### DATA EXCERPT
Content starts

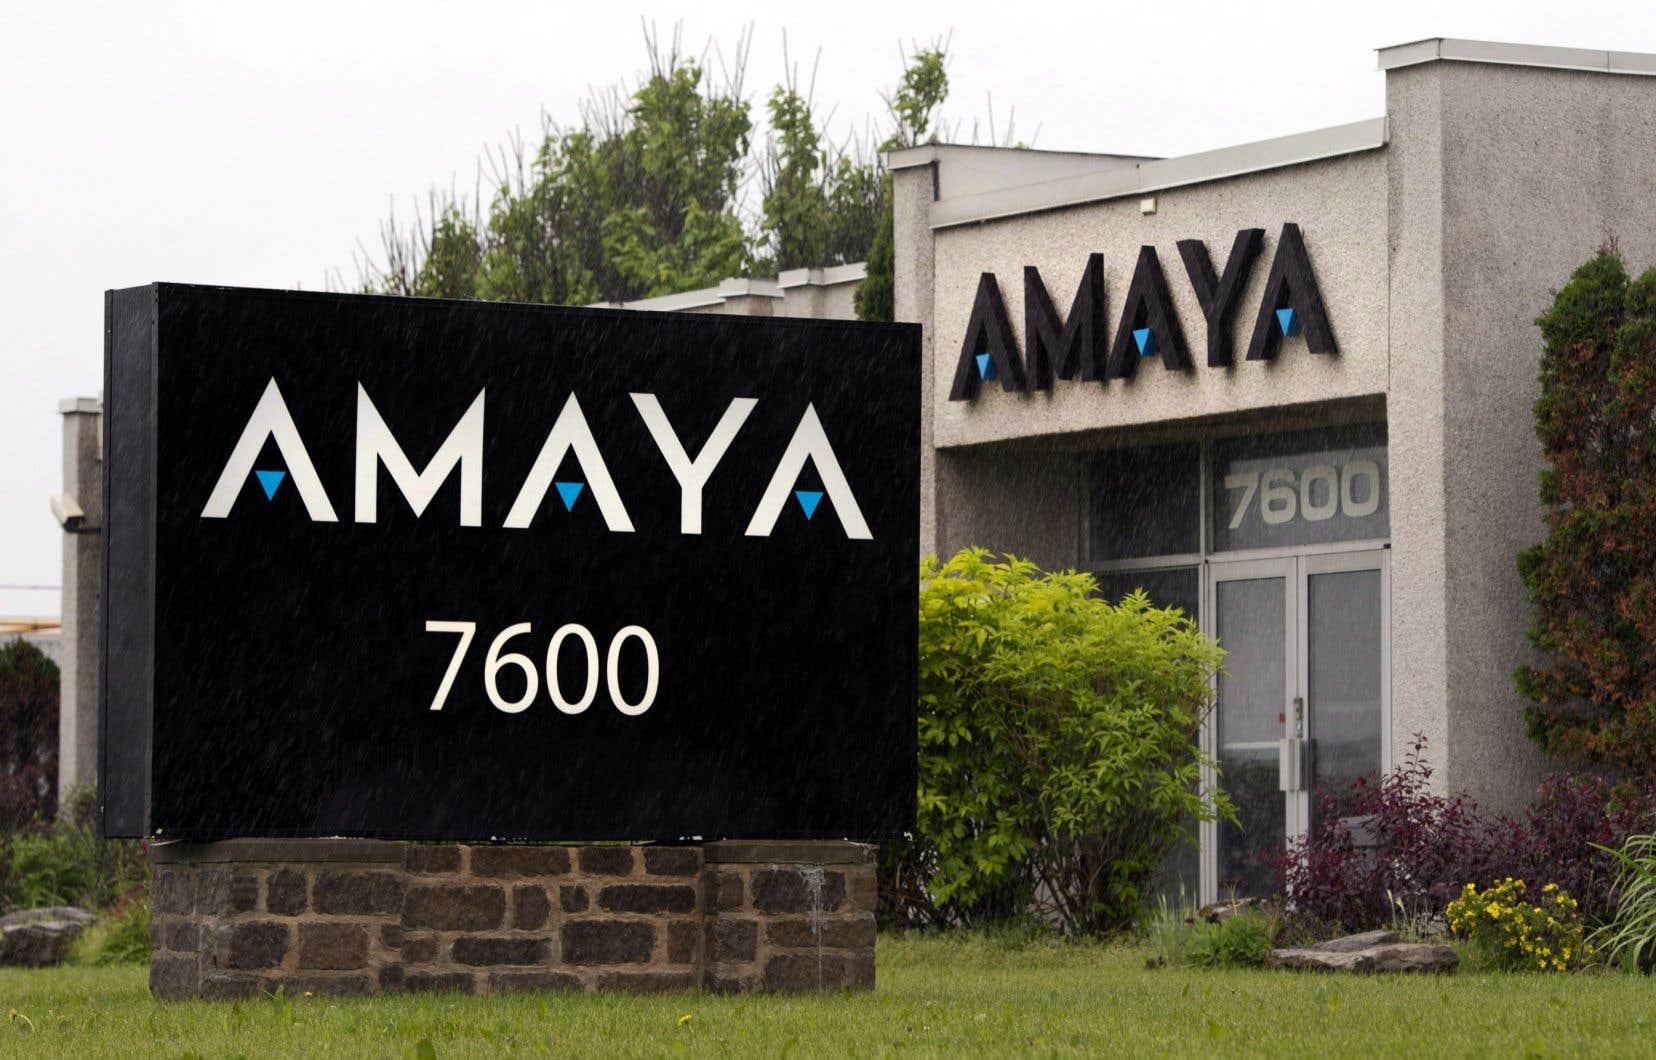 David Baazov fait face à cinq chefs d'accusation, dont un pour tentative d'exercer une influence sur le prix de l'action d'Amaya.
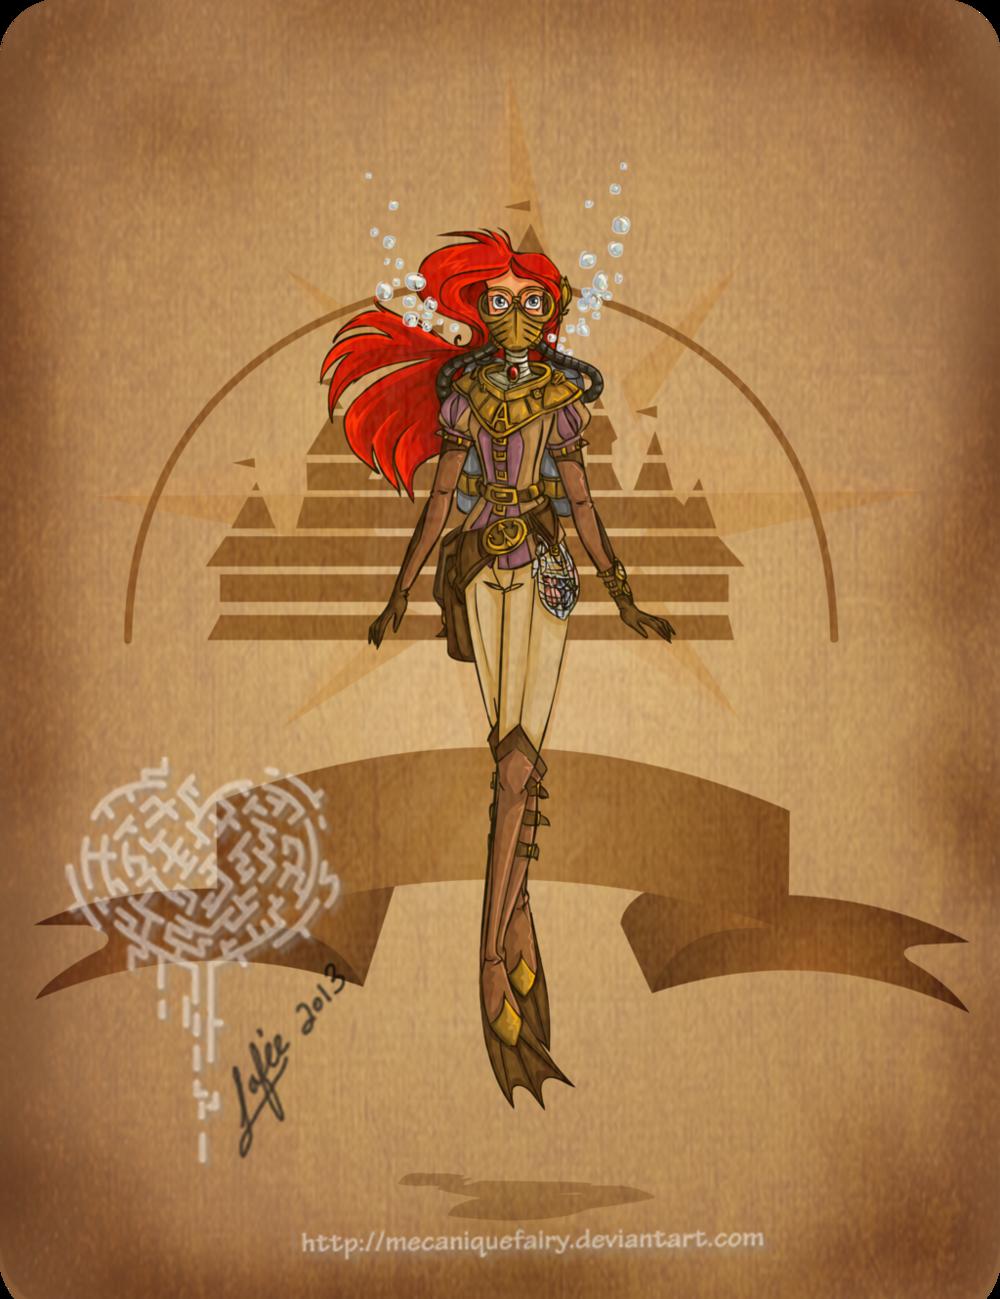 disney_steampunk__ariel_by_mecaniquefairy-d66joy4.png
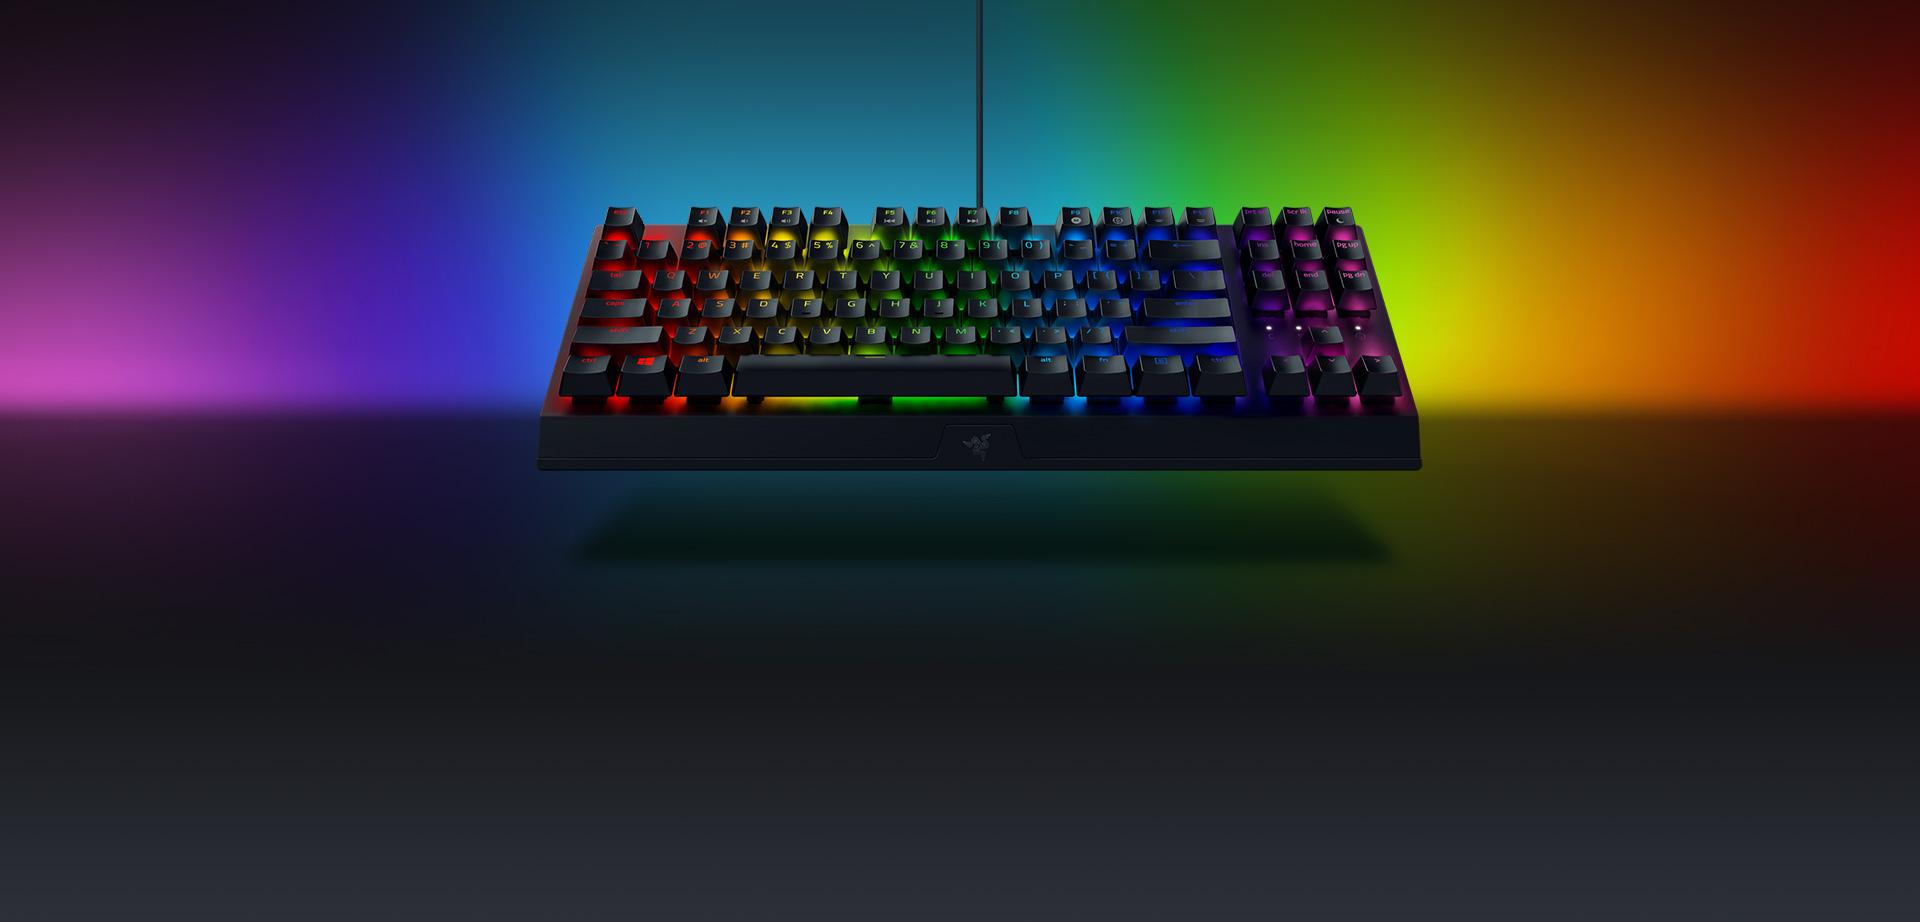 Bàn phím cơ Razer Blackwidows V3 Tenkeyless (USB/RGB/Green switch/Đen) (RZ03-03490100-R3M1) tích hợp công nghệ led RGB Chroma 16.8 triệu màu có thể tuỳ chỉnh dễ dàng
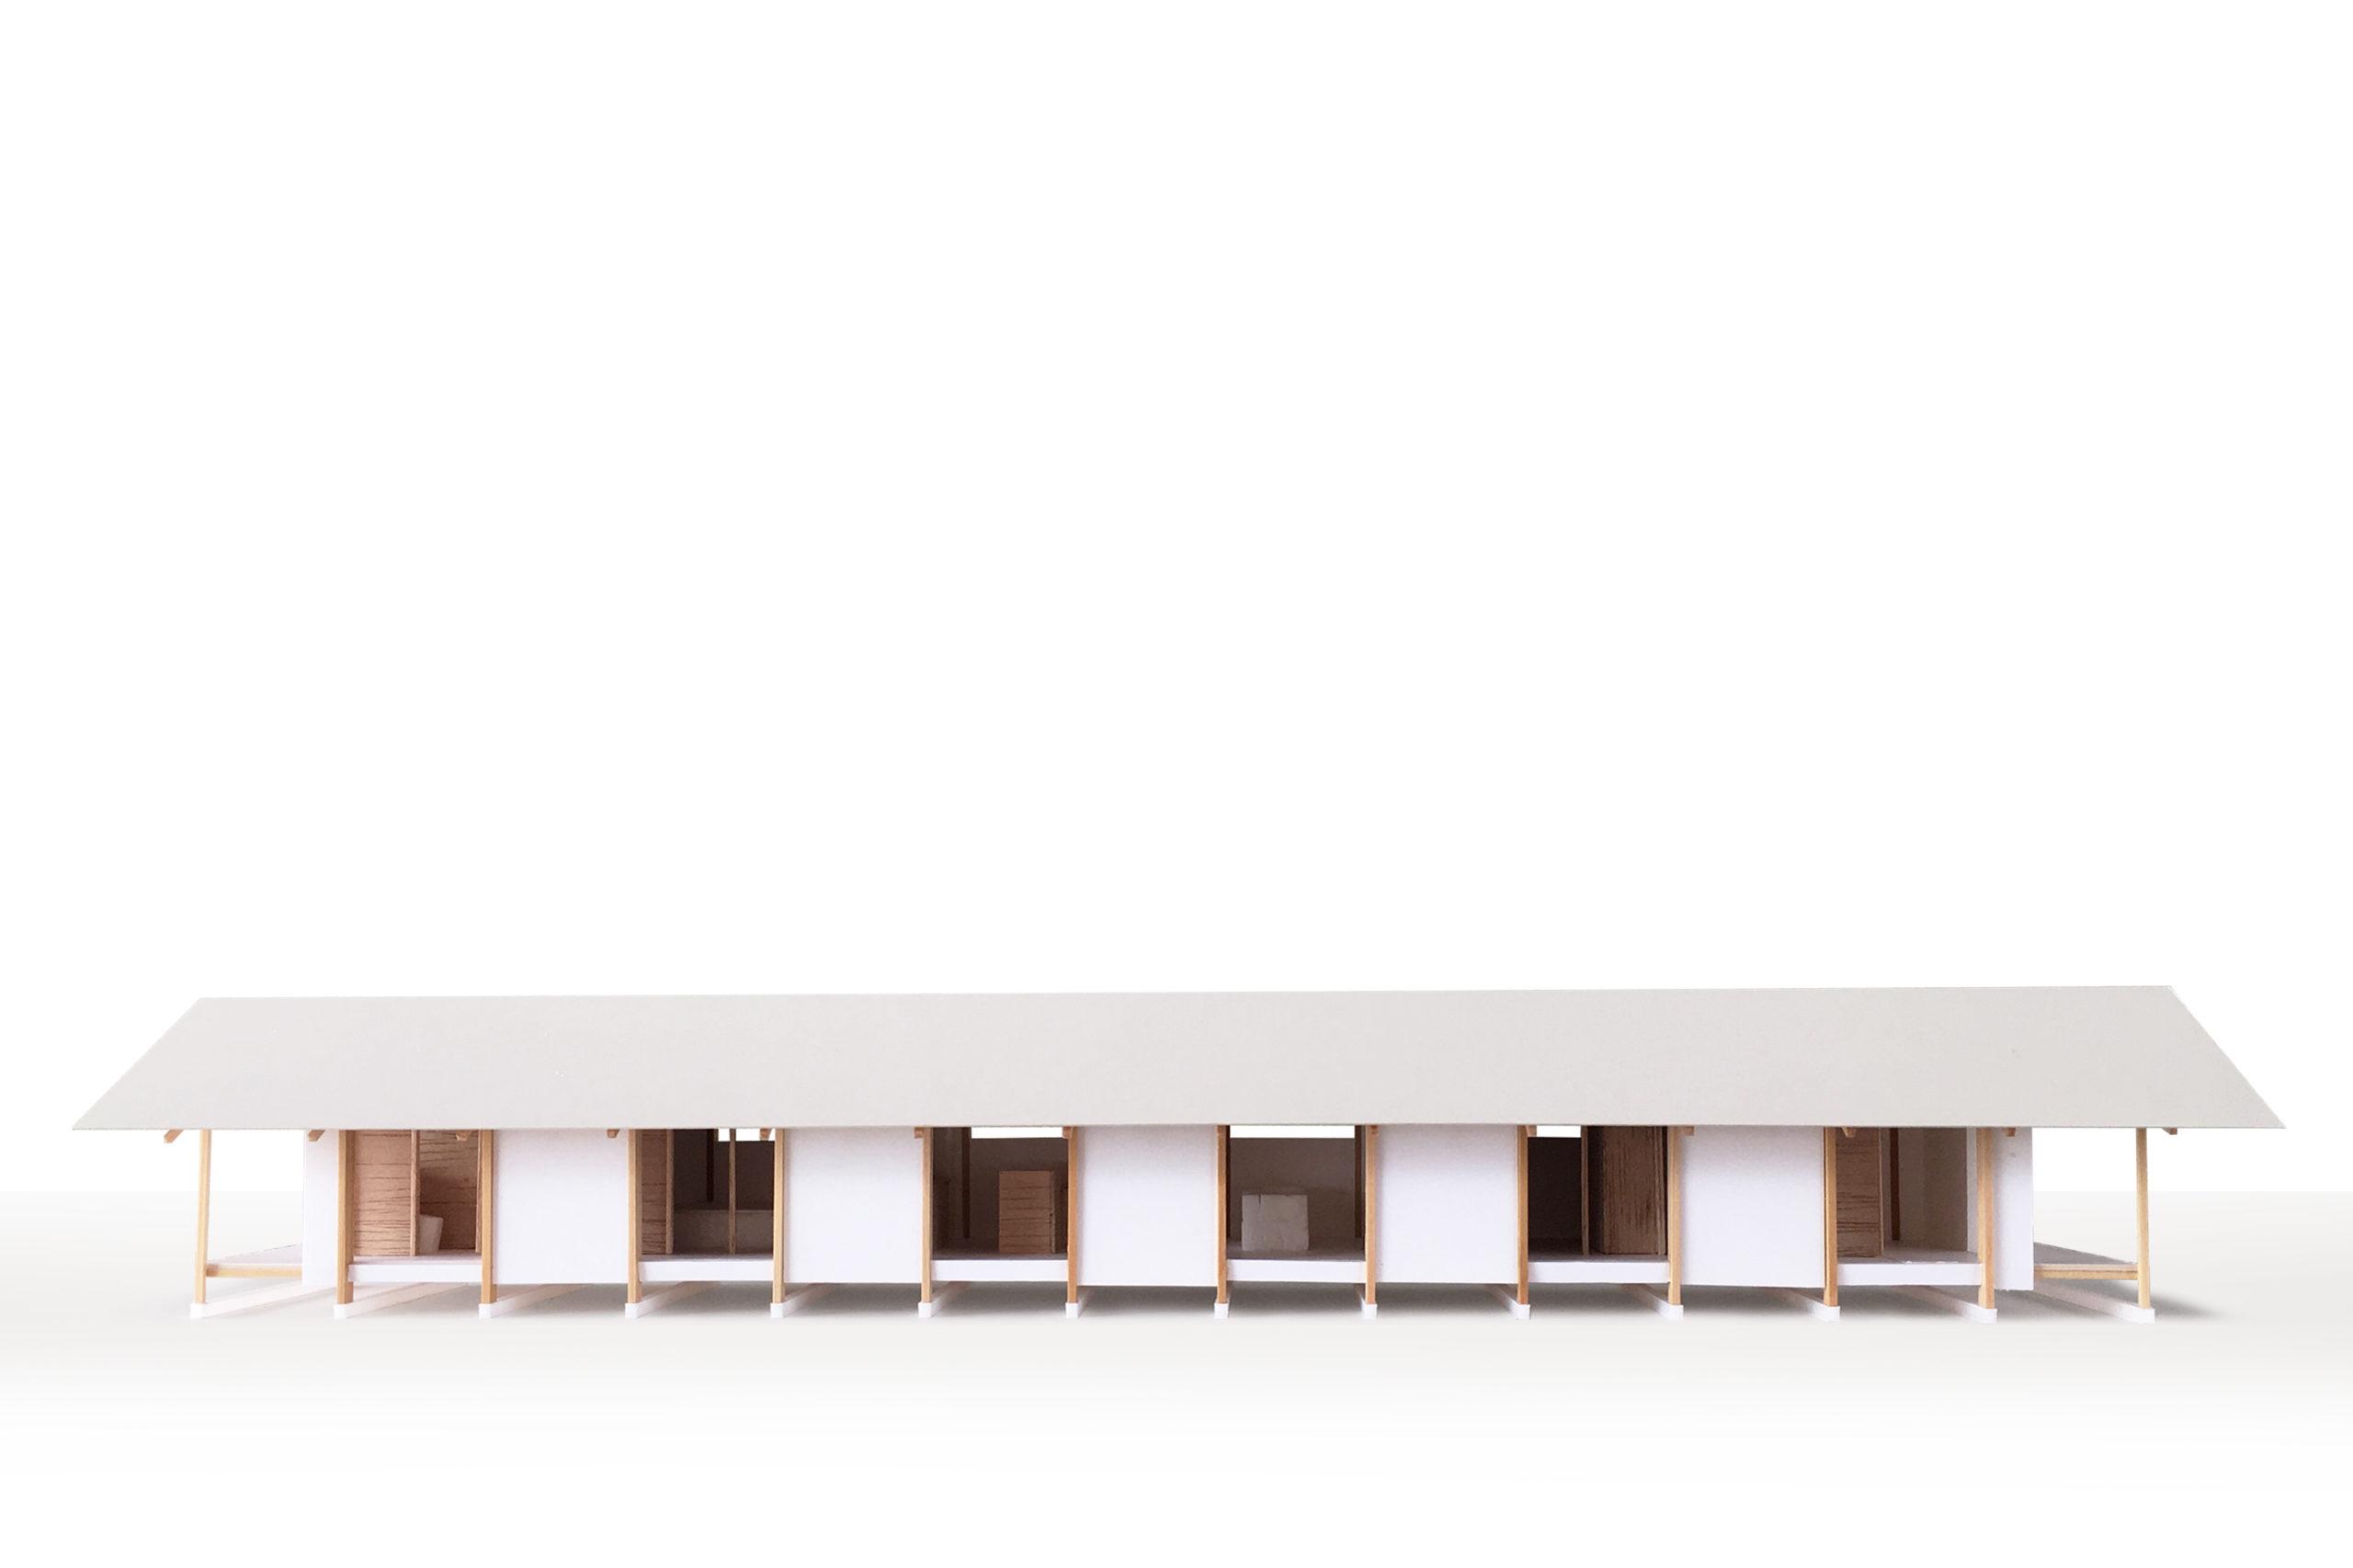 狛の家 House in Koma

Content ends

### TASK BRIEF
With the pictures removed, return the full listing exactly as given.

### WRITTEN ANSWER
 David Baazov fait face à cinq chefs d'accusation, dont un pour tentative d'exercer une influence sur le prix de l'action d'Amaya.
 disney_steampunk__ariel_by_mecaniquefairy-d66joy4.png
 Bàn phím cơ Razer Blackwidows V3 Tenkeyless (USB/RGB/Green switch/Đen) (RZ03-03490100-R3M1) tích hợp công nghệ led RGB Chroma 16.8 triệu màu có thể tuỳ chỉnh dễ dàng
 狛の家 House in Koma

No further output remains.